With barely three years into the production of oil in commercial quantities in Ghana, renowned economists say revenue accrued from the oil sector has been spent on non-priority areas including art and culture, adding that those oil revenue which went into road projects were shared like ground nut, a major food staple in northern Ghana.

This is contrary to the Petroleum Revenue Management Act (PRMA) which in accordance with Sector 21(5), named four priority areas approved by Parliament for the Annual Budget Funding Amount (ABFA) expenditures for the period 2011-2013. These areas are: expenditure and amortization of loans for oil and gas infrastructure; road and other infrastructure; agric modernization; and capacity building including oil and gas.

However, oil money was spent on art and culture, and other non-priority areas especially in the year 2013, a Professor of Economics at the University of Queensland, Australia, Prof John Asafu-Adjaye said this at a roundtable on the Petroleum Transparency and Accountability Index (P-TRAC Index) 2012 Report in Accra.
. . . . .

Dr Amin stated: "While the projects funded from oil and gas revenues may have long-term economic prospects in project communities, the short-term social and economic impacts during the construction phase have been severely limited, as contractors mostly bring workers, food and materials from non-project communities."
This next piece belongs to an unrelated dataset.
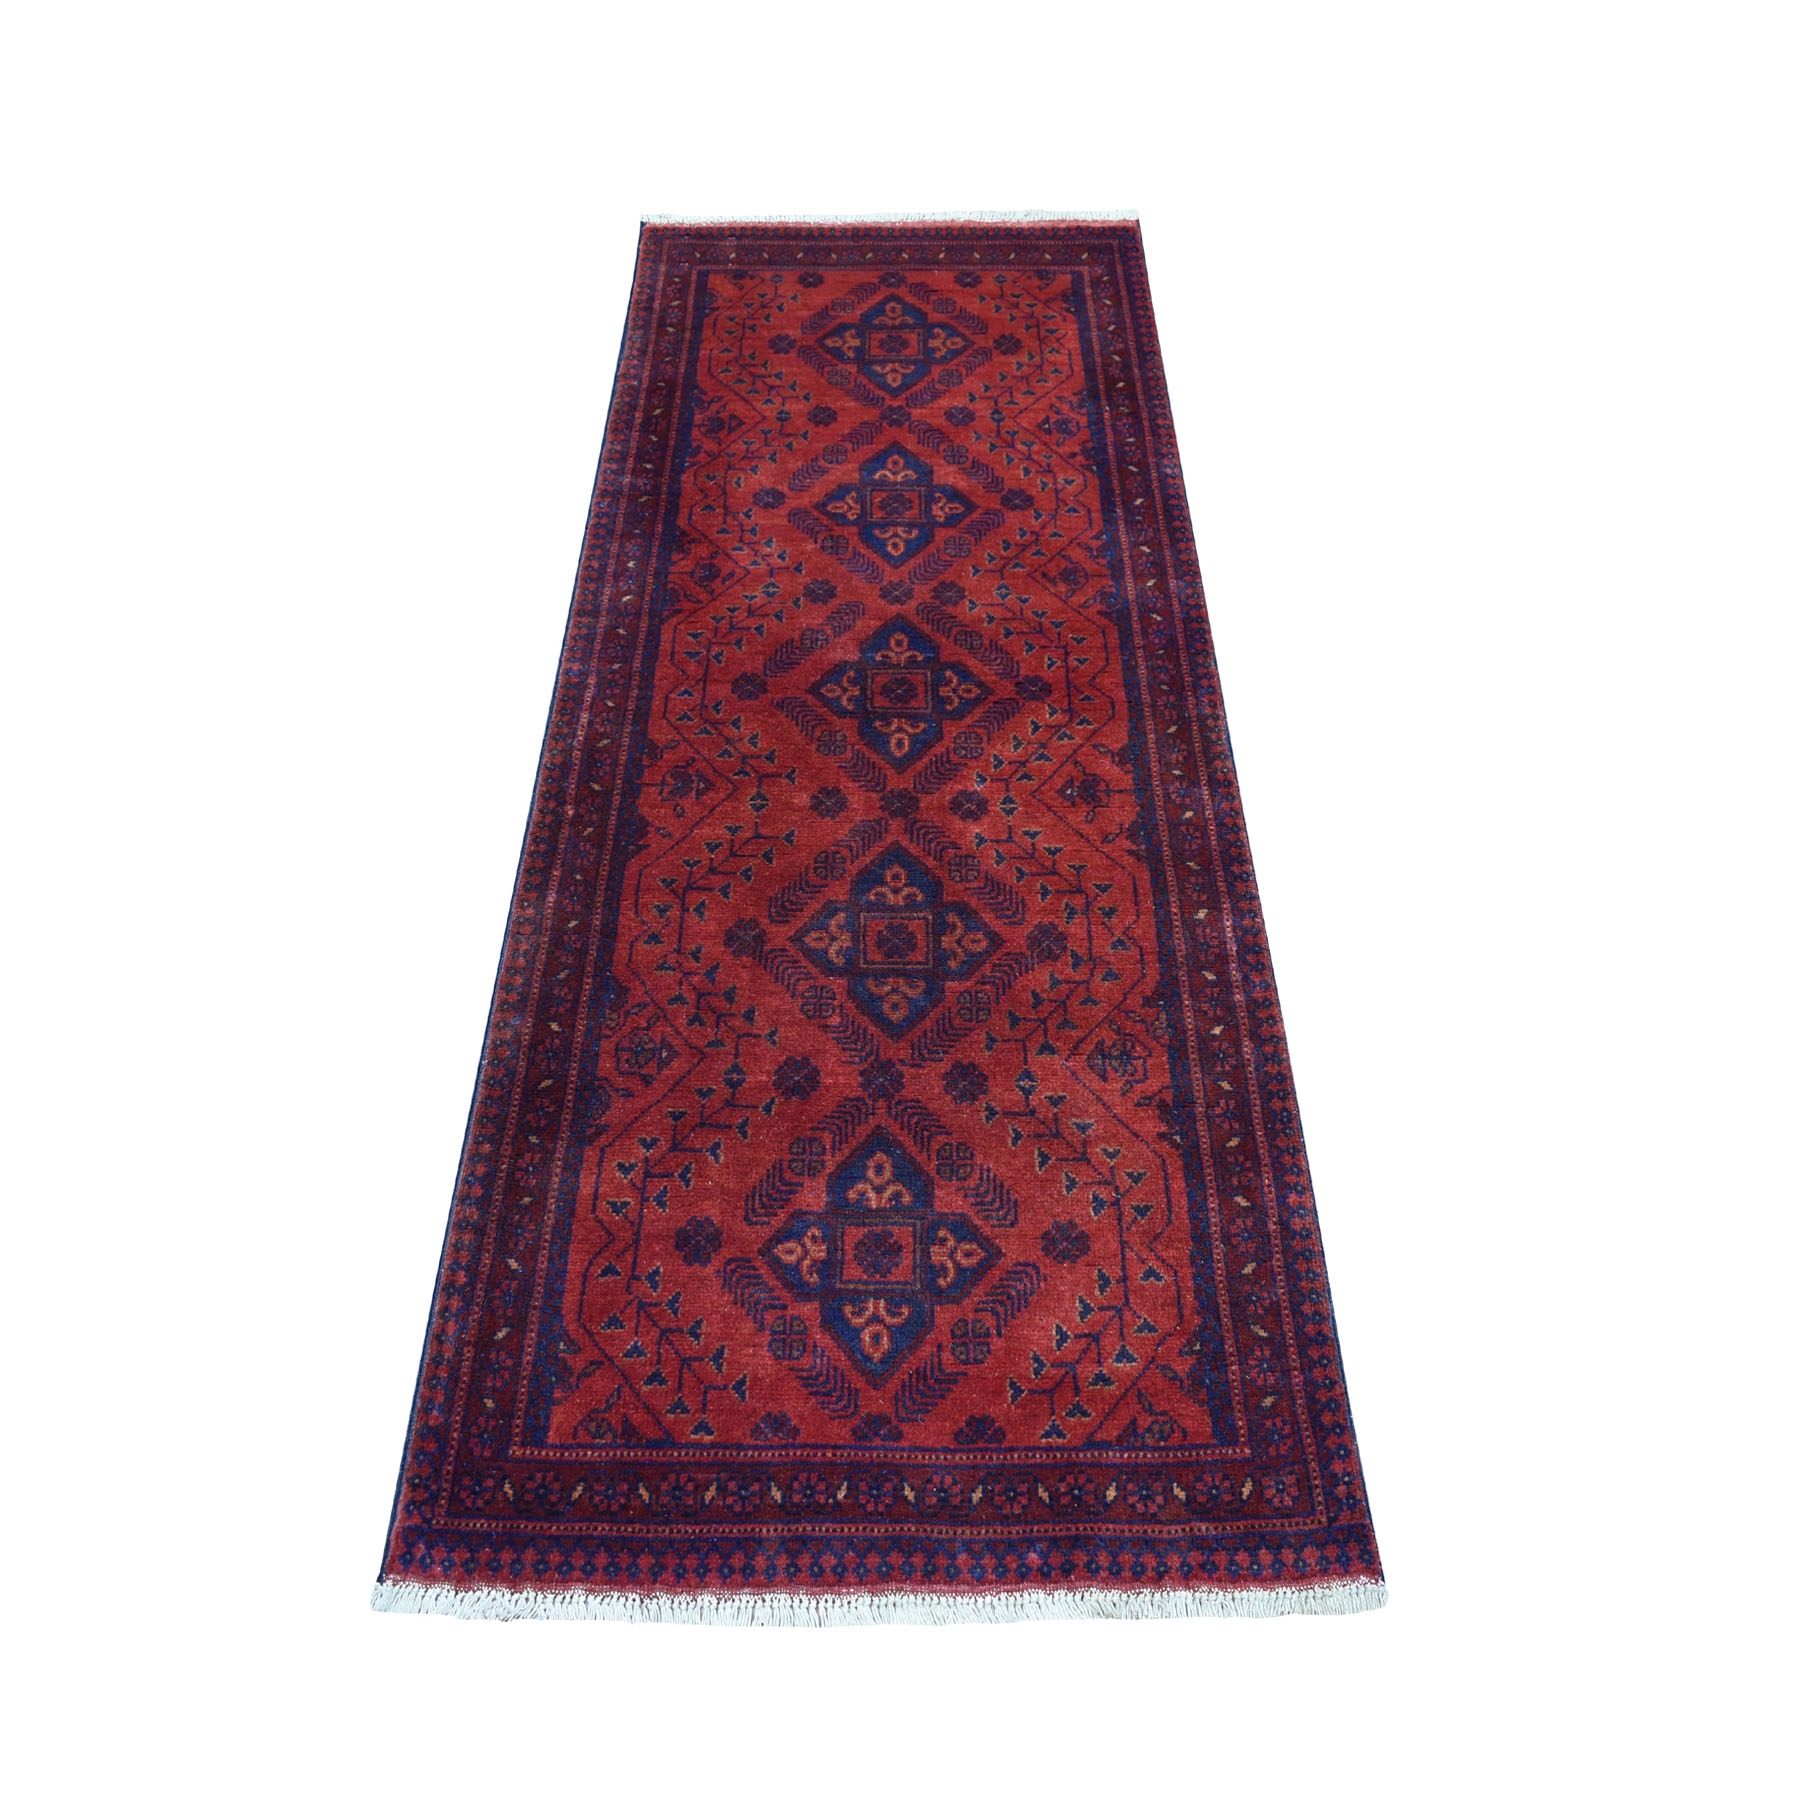 2'6"X6'1" Deep And Saturated Red Geometric Afghan Andkhoy Runner Pure Wool Hand Knotted Oriental Rug moaecee6
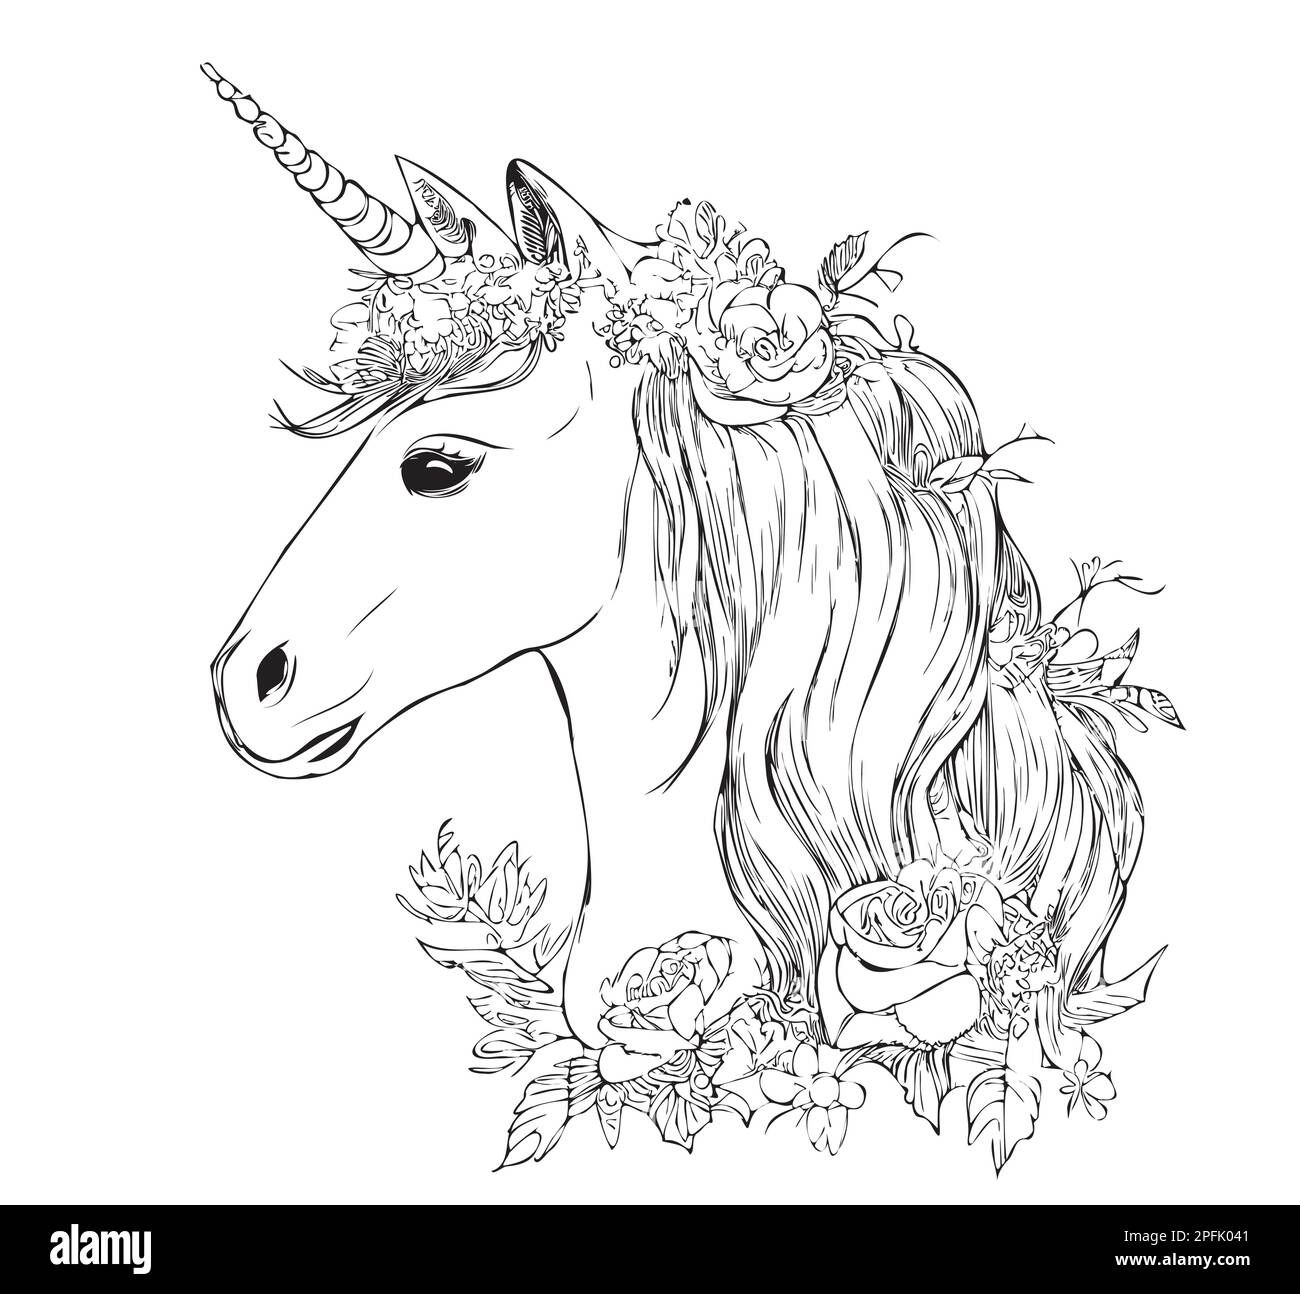 Magical unicorn head hand drawn sketch in doodle style illustration Fairy tales Stock Vector

"Ghana is therefore not deriving value for money from the infrastructure projects funded with oil revenue as most of the projects had been delayed, operating under costly extensions and leading to cost overruns. The money is supposed to be used for investment to improve living conditions of the people", he stressed at training workshop for journalists held recently.
(Masahudu Ankiilu Kunateh,  Ghana's Oil Cash Shared Like Ground Nut, AllAfrica.com, Jan. 7, 2014).
 Ghana's SWFs stucture is grounded in best practices.  Whether the Ghanian state has the institutional strength to fully implement the SWFs plan represented by Act 815 remains to be seen.  What is clear, though, is that Ghana intends the SWFs to provide a disciplinary mechanism for internal spending for development.  It's pathway to income appears to serve a secondary and consequential purpose to the primary one of internal development.